Mr. Chair, I thank the member for the question.
I'd like to begin my answer by saying that I fully understand the concerns of Canadians when changes are made to their memory institutions. I've been around a long time, having worked in cultural and social policy for the Government of Canada since 1986. I've been in this museum corporation for 12 years. I was in the corporation when another government created a museum, when a government built the Canadian War Museum, and I saw that project from the ground up. Many of the same concerns and discussions were certainly central to that whole period as well.
I think those concerns are understandable. What works, and as the Minister of Canadian Heritage explained, simply by its statutory nature the museum is a crown corporation existing at arm's length from the Government of Canada. Ministers and governments make their views known in very broad ways, as the former government did about the need for a military history museum, as this government has about its desire to introduce a bill to Parliament, and here you are at second reading.

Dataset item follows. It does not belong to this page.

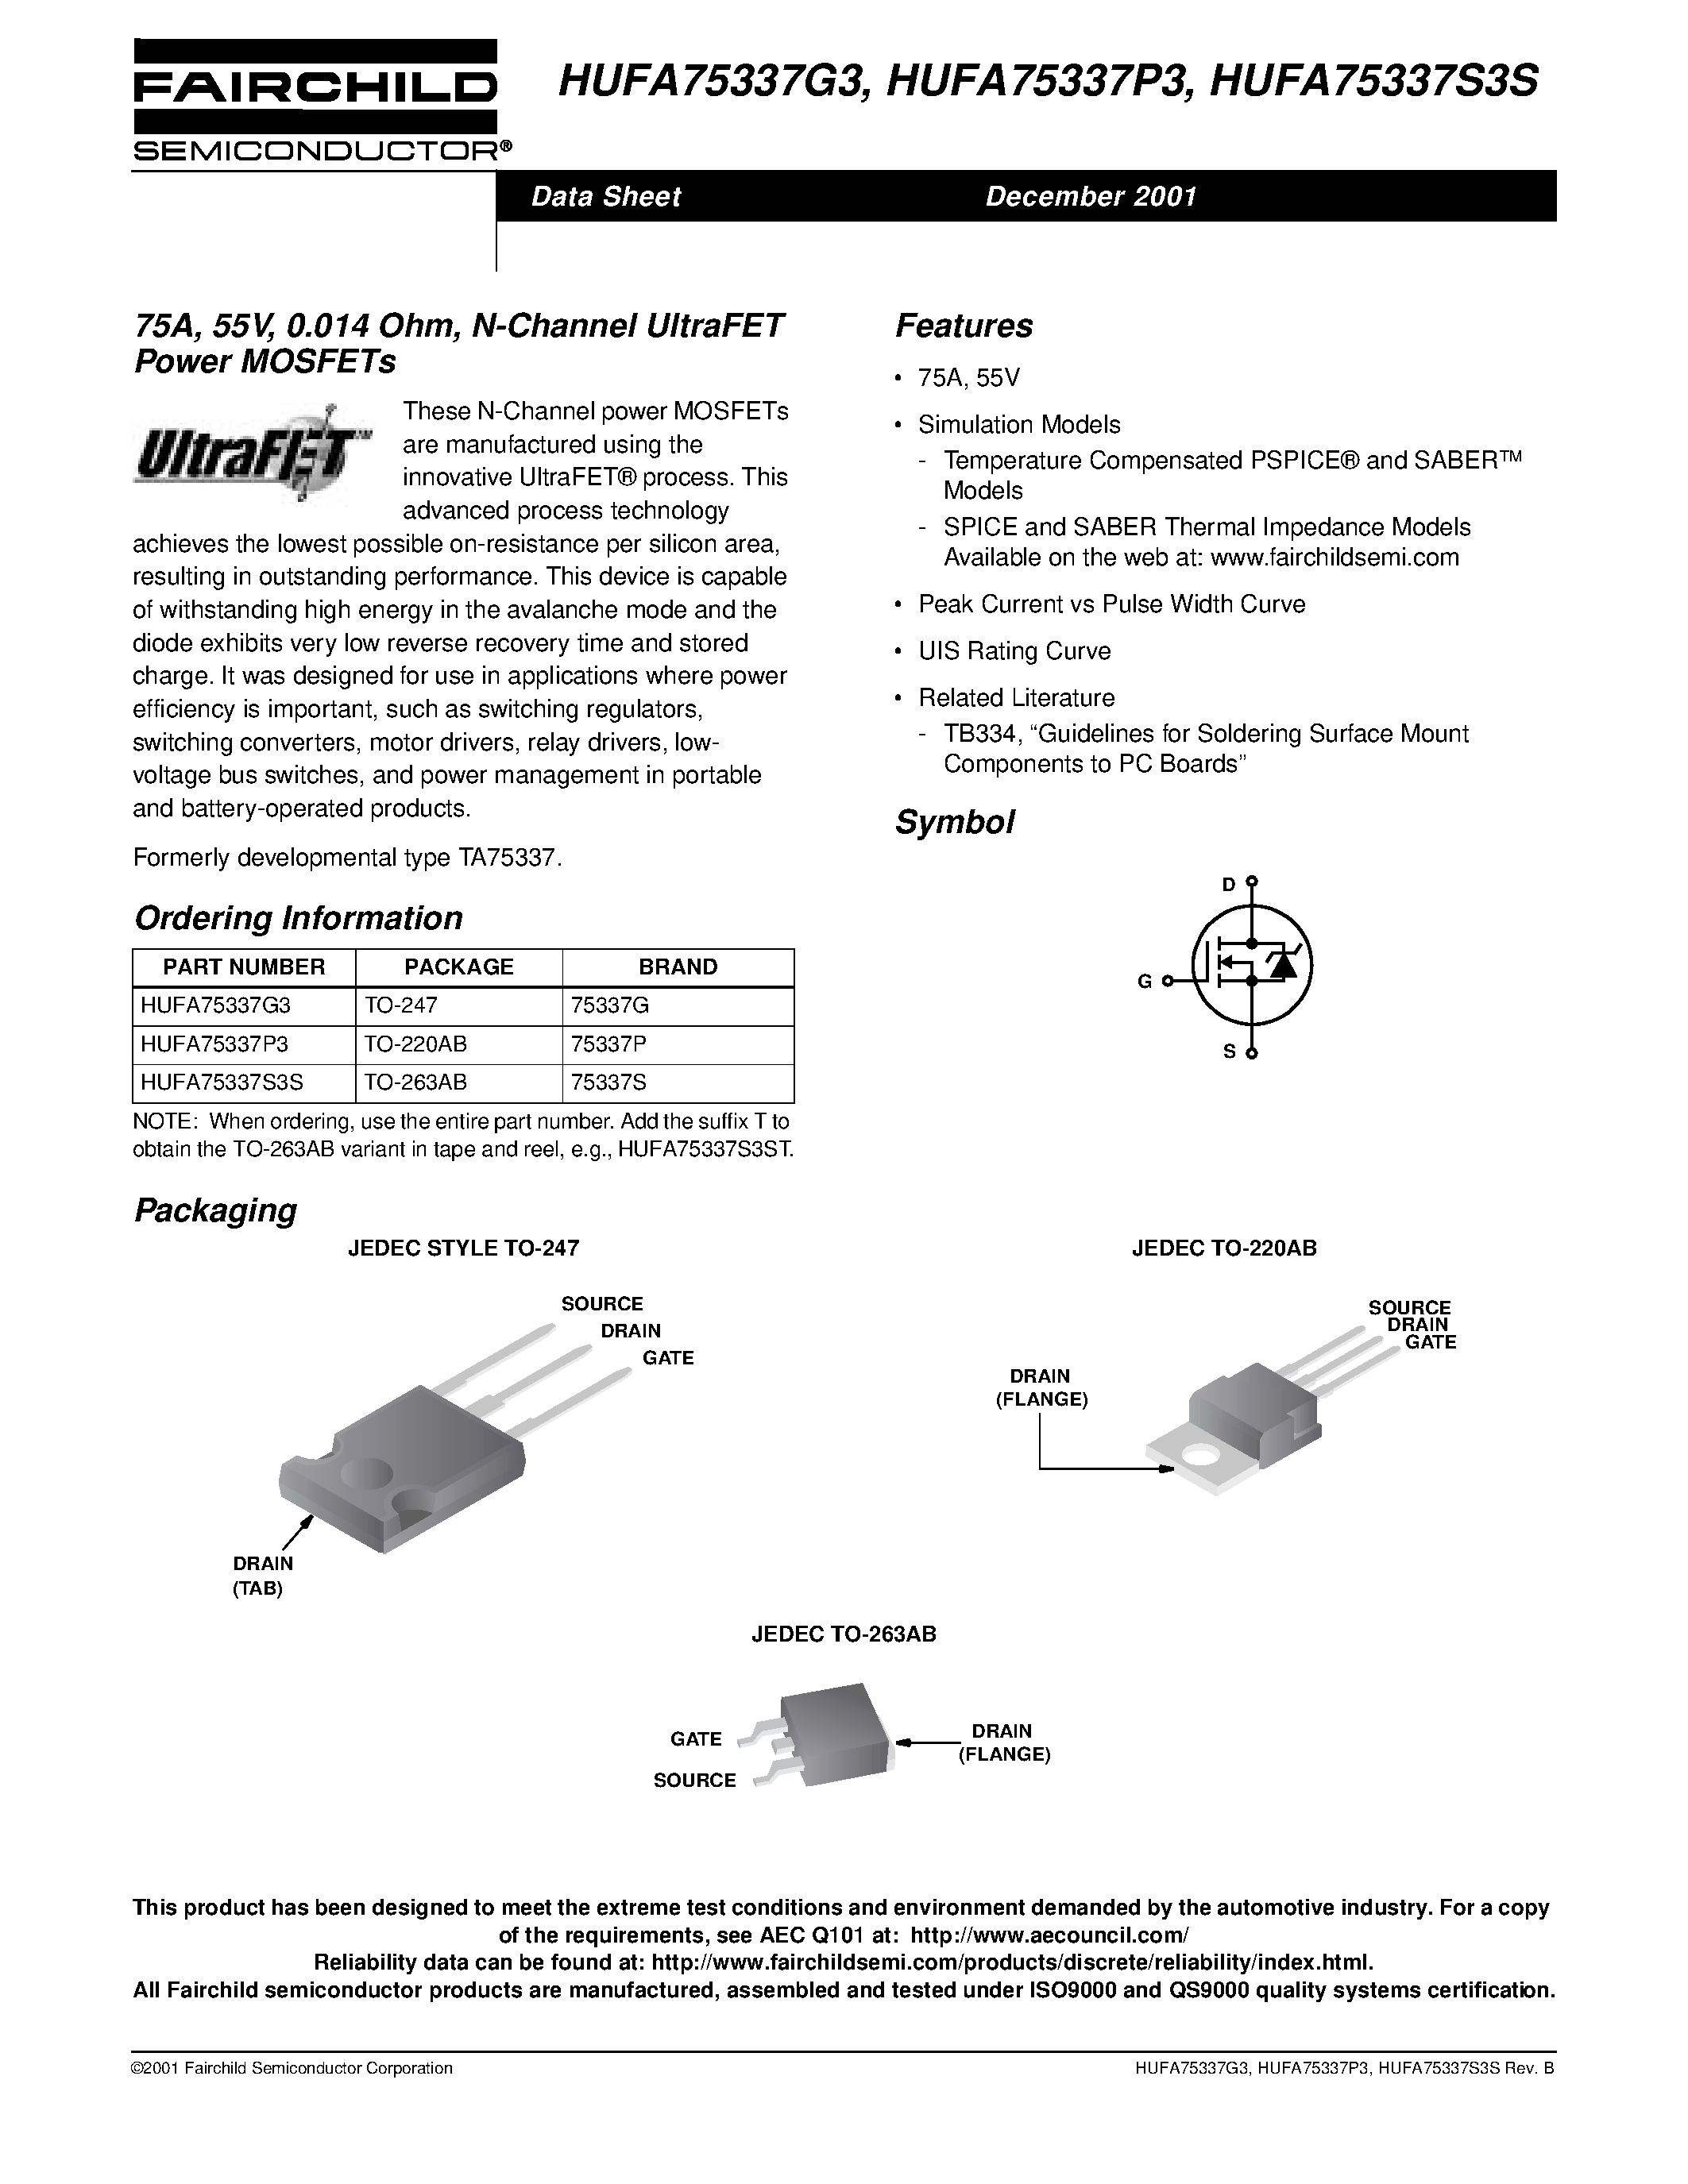 Datasheet HUFA75337S3S - 75A/ 55V/ 0.014 Ohm/ N-Channel UltraFET Power MOSFETs page 1

The arm's length and the protection flows from the governance structure of the corporation, and that is the role of the board of trustees in setting the strategic direction and, as I think many of the members of this committee know, that is a cornerstone of crown corporation governance. It appears in our corporate plan each year. It is my task as the CEO of the corporation to respond to that strategic direction and demonstrate to the board, operating on behalf of the minister of the government, that we are indeed implementing it.
My experience in the corporation is that the members of this committee as well as Canadians can be encouraged and assured that the museum will operate independently from the Government of Canada, and that the content of this new museum will be created by the content experts who work for us: the museologists, curators, researchers, and historians.